How do you figure out that “Section 3.1” is a subheading of “Chapter 3,” or that the broken sentence on line 50 connects to line 51?

This problem is known as Document Logical Structuring. It is the process of transforming a sequence of text segments into a hierarchical tree structure. While humans do this intuitively, machines struggle, especially when documents are long and complex.

In this post, we will deep dive into SEG2ACT, a research paper that proposes a novel way to solve this. Instead of treating this as a standard classification problem, the researchers reframe it as an action generation task. By teaching a model to “act” out the structure building process step-by-step, they achieve state-of-the-art results.

The Problem with Current Methods

Before we examine the solution, we need to understand the specific challenges of document logical structuring.

As illustrated in Figure 1 below, the goal is to take raw text segments (often from an OCR engine) and map them into a logical tree (headings and paragraphs).

Figure 1: The illustration of document logical structuring task, which aims to transform text segments into a hierarchical tree structure containing the document’s headings and paragraphs.

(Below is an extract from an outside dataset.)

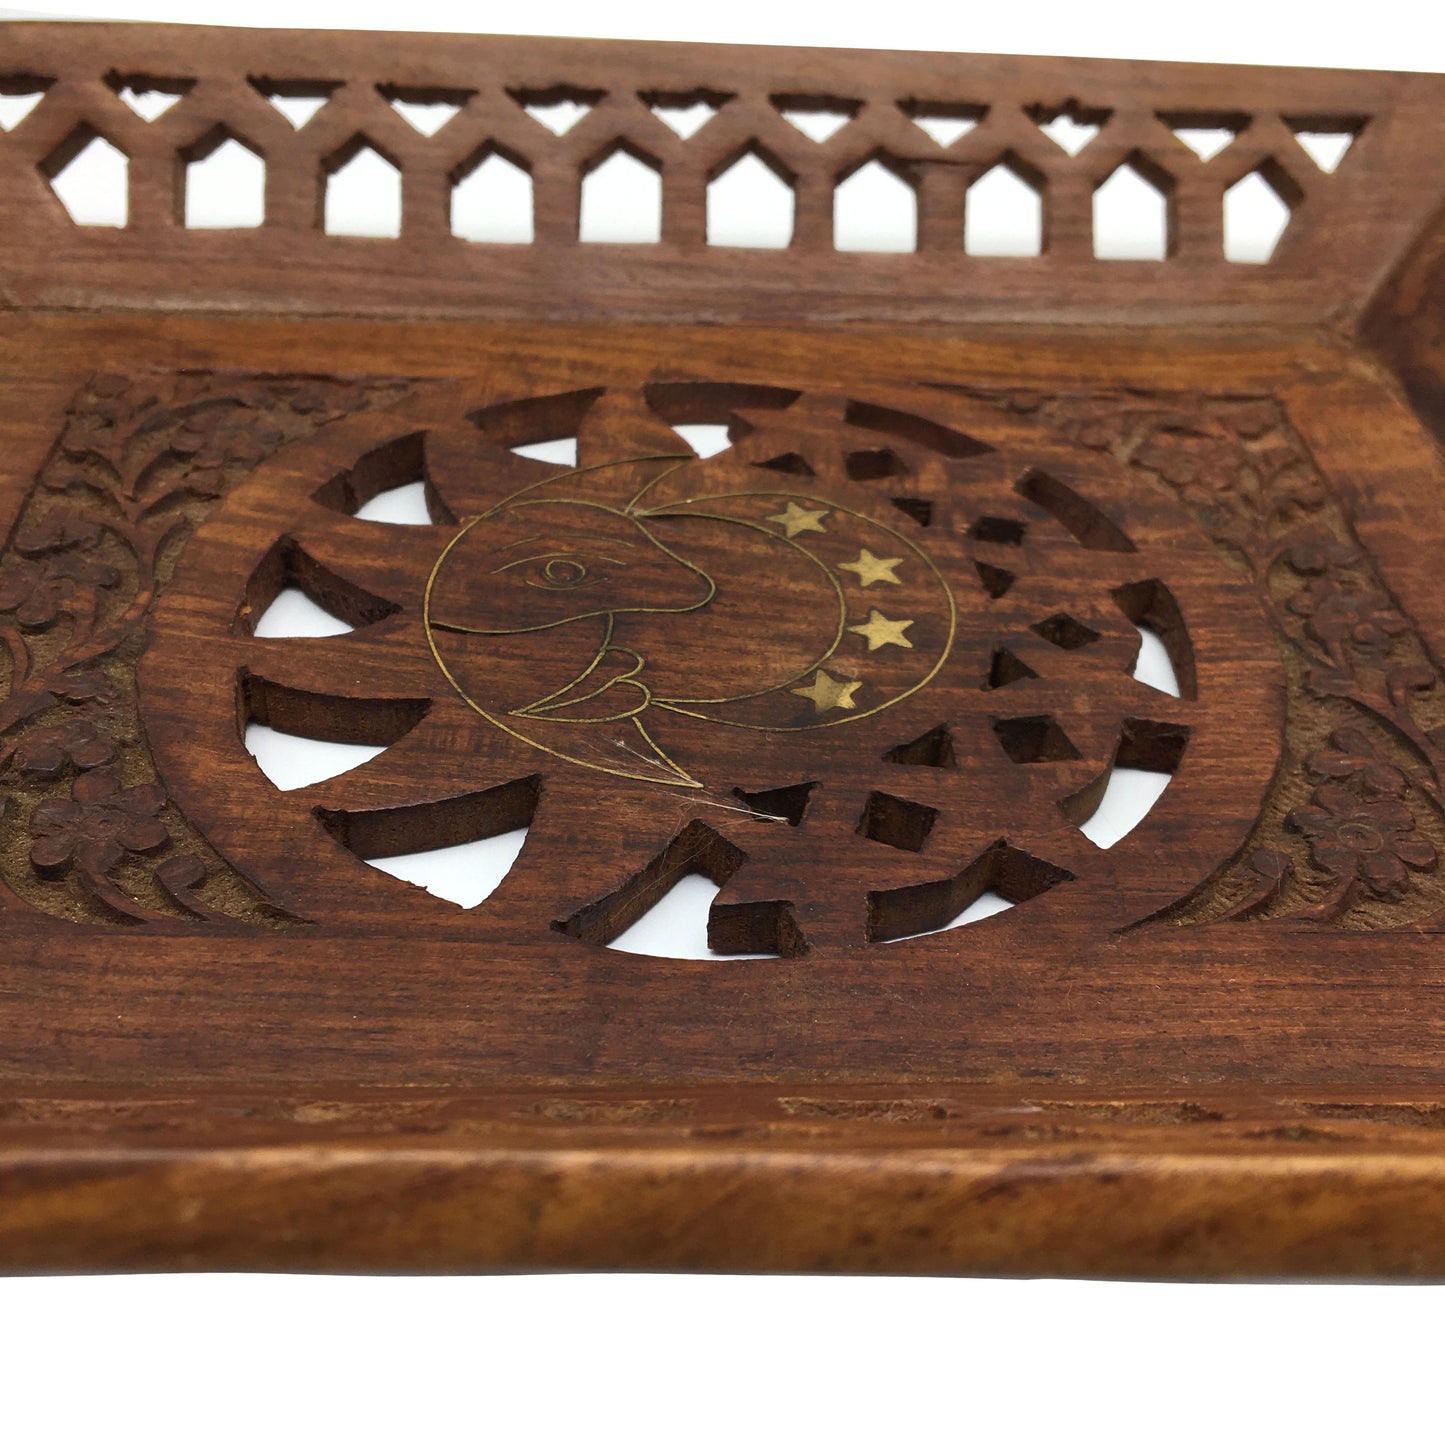 Vintage Rustic India Natural Wooden Decorative Handmade Brass Inlays Tray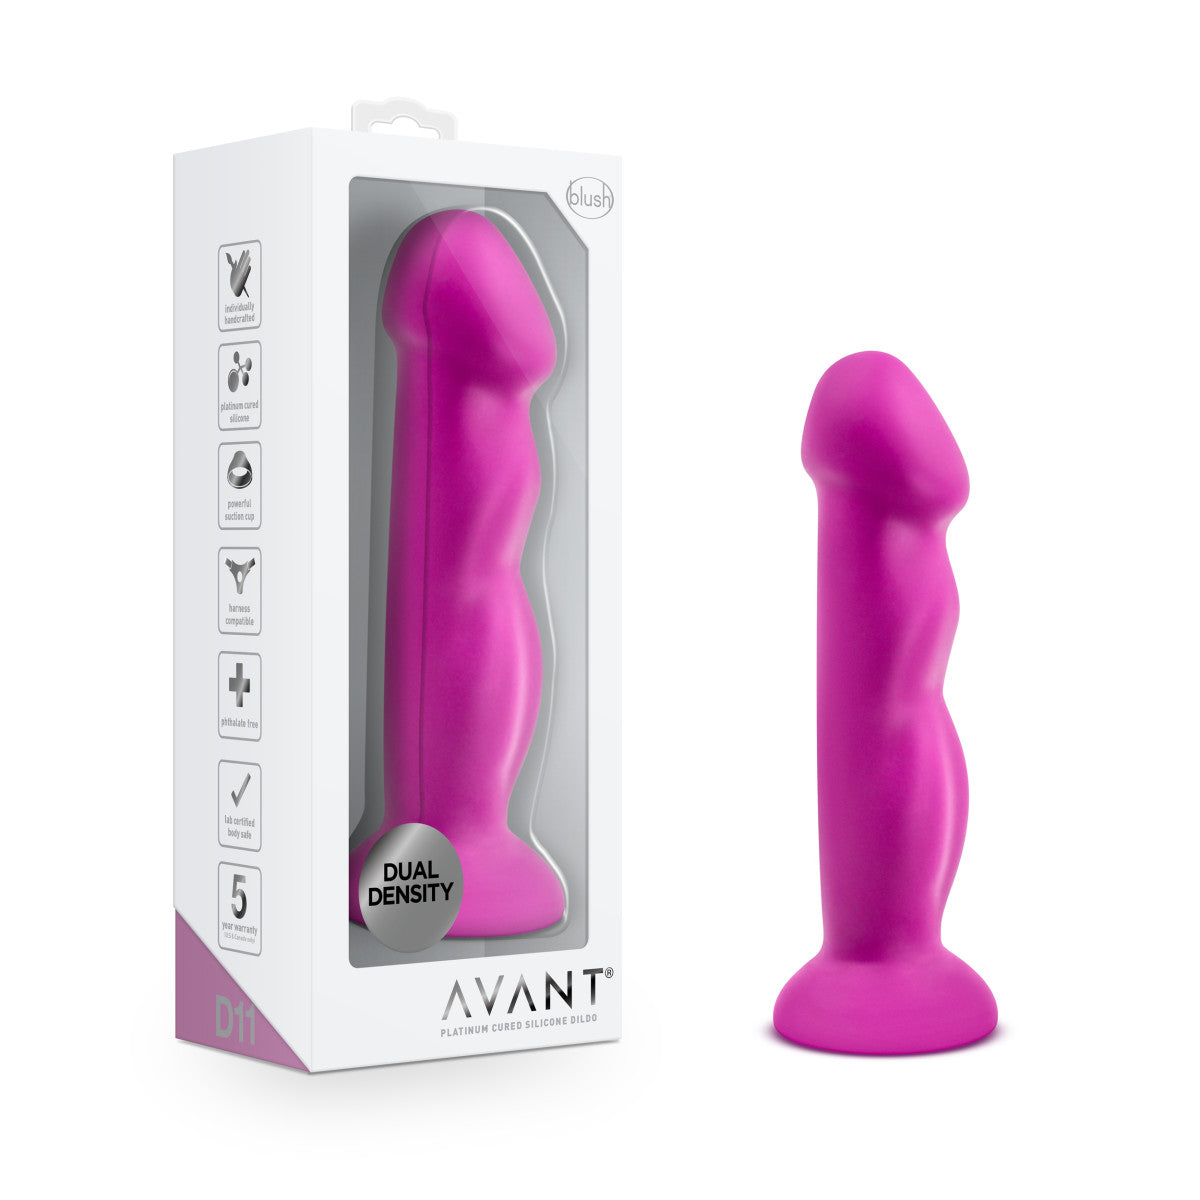 Avant | Suko Violet D11: Artisan 8 Inch Curved P-Spot / G-Spot Dildo with Suction Cup Base - Elegantly Made with Smooth Ultrasilk® Purio™ Silicone

This task faces two major hurdles:

  1. Complexity and Noise: Real-world documents are multi-page and lengthy. OCR tools often break content into incomplete lines rather than semantic paragraphs. This makes tracking long-range dependencies—like realizing a subsection on page 10 belongs to a chapter starting on page 8—very difficult.
  2. Structural Diversity: A financial report looks nothing like a scientific paper. Designing a rule-based system that handles both is nearly impossible.

Traditional Deep Learning approaches often break this into a pipeline: first, extract features, then detect headings, then predict relationships between nodes. The downside? Error propagation. If the first step fails, the whole structure collapses. Furthermore, these methods usually look at text in isolation or effectively “forget” the global context of the document.

The SEG2ACT Approach

The core innovation of SEG2ACT is in its name: Segment to Action.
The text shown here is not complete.